In my uninformed opinion, this could easily be a footgun used by server-side templating languages to bypass the protection offered by Trusted Types. I could easily see something like this happening:

loginDescripter.innerHTML = TrustedHTML.fromLiteral`<i><?php echo $username;?></i>`;

@koto
Copy link
Member

koto commented Jul 20, 2021

Trusted Types are explicitly not covering server-side injections. Without fromLiteral, what prevents the developers from just outputting arbitrary strings in the HTML response, or interpolating into the TT policy body?

@shhnjk
Copy link
Member Author

shhnjk commented Jul 28, 2021

@koto, what's your thought on this?

@koto
Copy link
Member

koto commented Aug 4, 2021

I have some thoughts.

  1. It offers a way to create TT instances, so, like policies, it should be guardable by trusted-types directive (so - keyword). I can imagine how it's undesireable for developers to load scripts from arbitrary URLs, even in an absence of script-src.
  2. I see a clear advantage - it's both secure, and easier to use than policies for these limited cases. I'm not sure how much in practice this buys, given that this can already be done (modulo foolproofness of Array.isTemplateObject) in a library that internally uses a policy (in fact, we already have two such libraries). The API could only do this securely if there's no interpolation whatsoever, whereas the library can be configurable (e.g. allow dynamic hostnames for a script URL, but only for these hostnames, etc.). The libraries are always easier to experiment on the API shape of, and quicker to iterate on than the Web APIs. The libraries also could workaround transpilation to ES version that does not support template literals, whereas an API cannot.

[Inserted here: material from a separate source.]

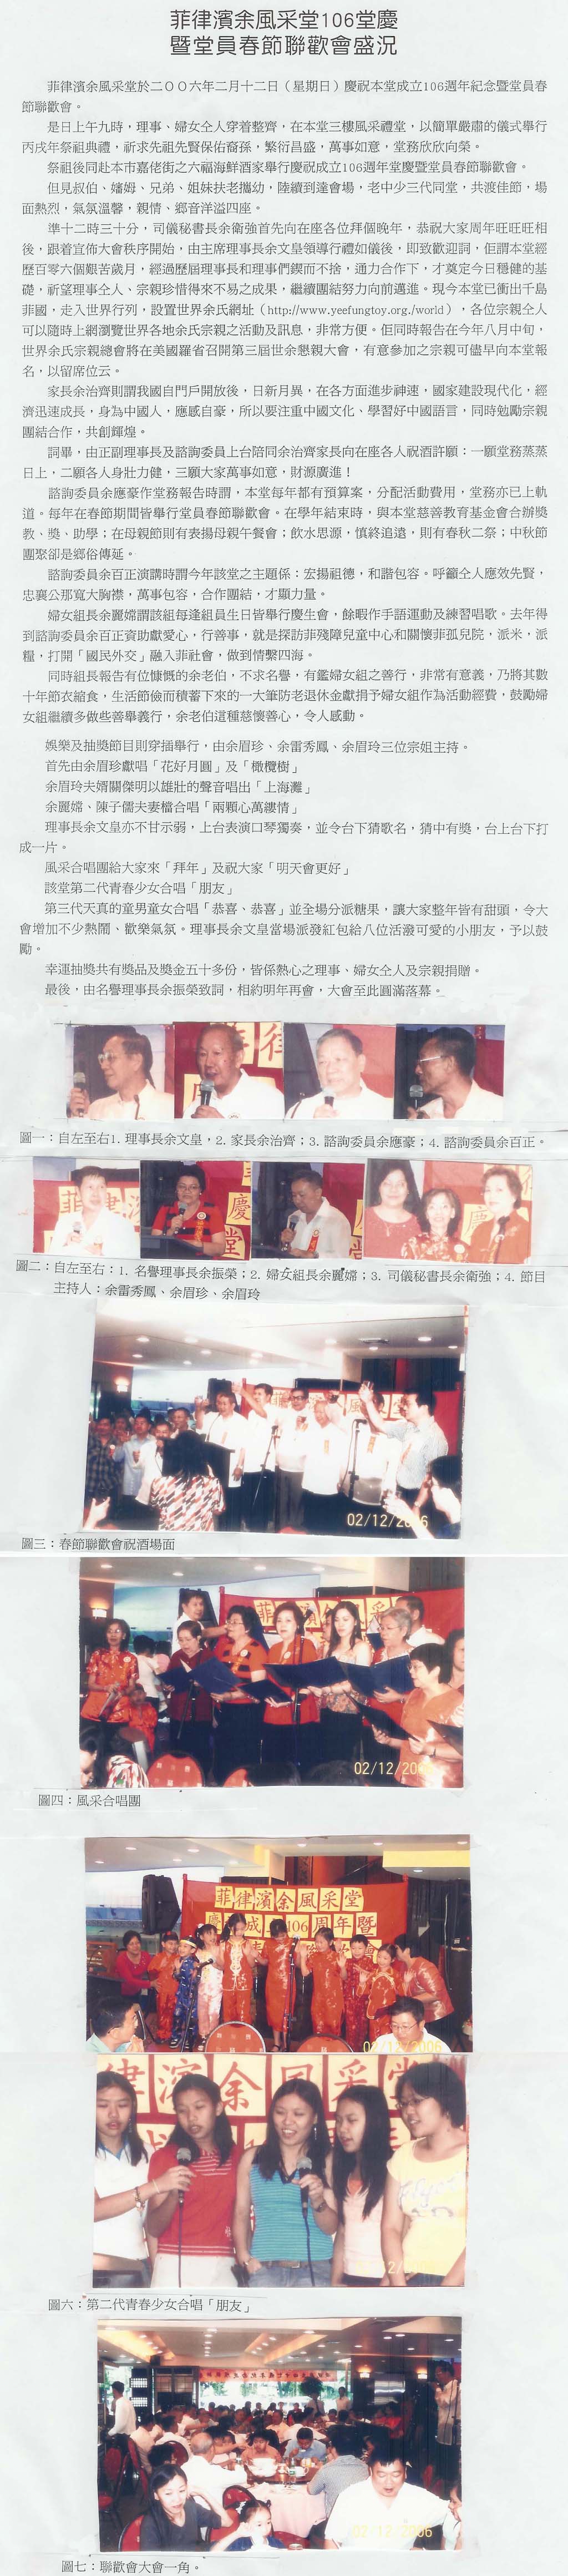 Chinse text of 106th anniv. and spring banquet

So I'm split. I think we should, however, explore how feasible the spec+impl could be. @domenic, are you aware of any Web API that is a template tag function? Is there a reason not to have one? WebIDL wise, I think just defining as

interface TrustedHTML {
  TrustedHTML fromLiteral(object literal, any... args);
}

would work? The algorithm would have to lookup the argument in the [[TemplateMap]] slot of the Realm. I'm not sure if such peeking into ES slots is OK, any advice?

It's a similar issue to WICG/sanitizer-api#102, but we don't have the side-effects concerns here.

@domenic
Copy link

domenic commented Aug 4, 2021

Strategically, I think this kind of thing is better than waiting on Array.isTemplateObject.

No existing web API defines a template tag function. Normally they would define it using the IDL fromLiteral(sequence<DOMString> strings, any... args), but I guess then you would not be able to perform the verification you want. So indeed you should use object, perform the verification, and then use prose to convert to sequence<DOMString>.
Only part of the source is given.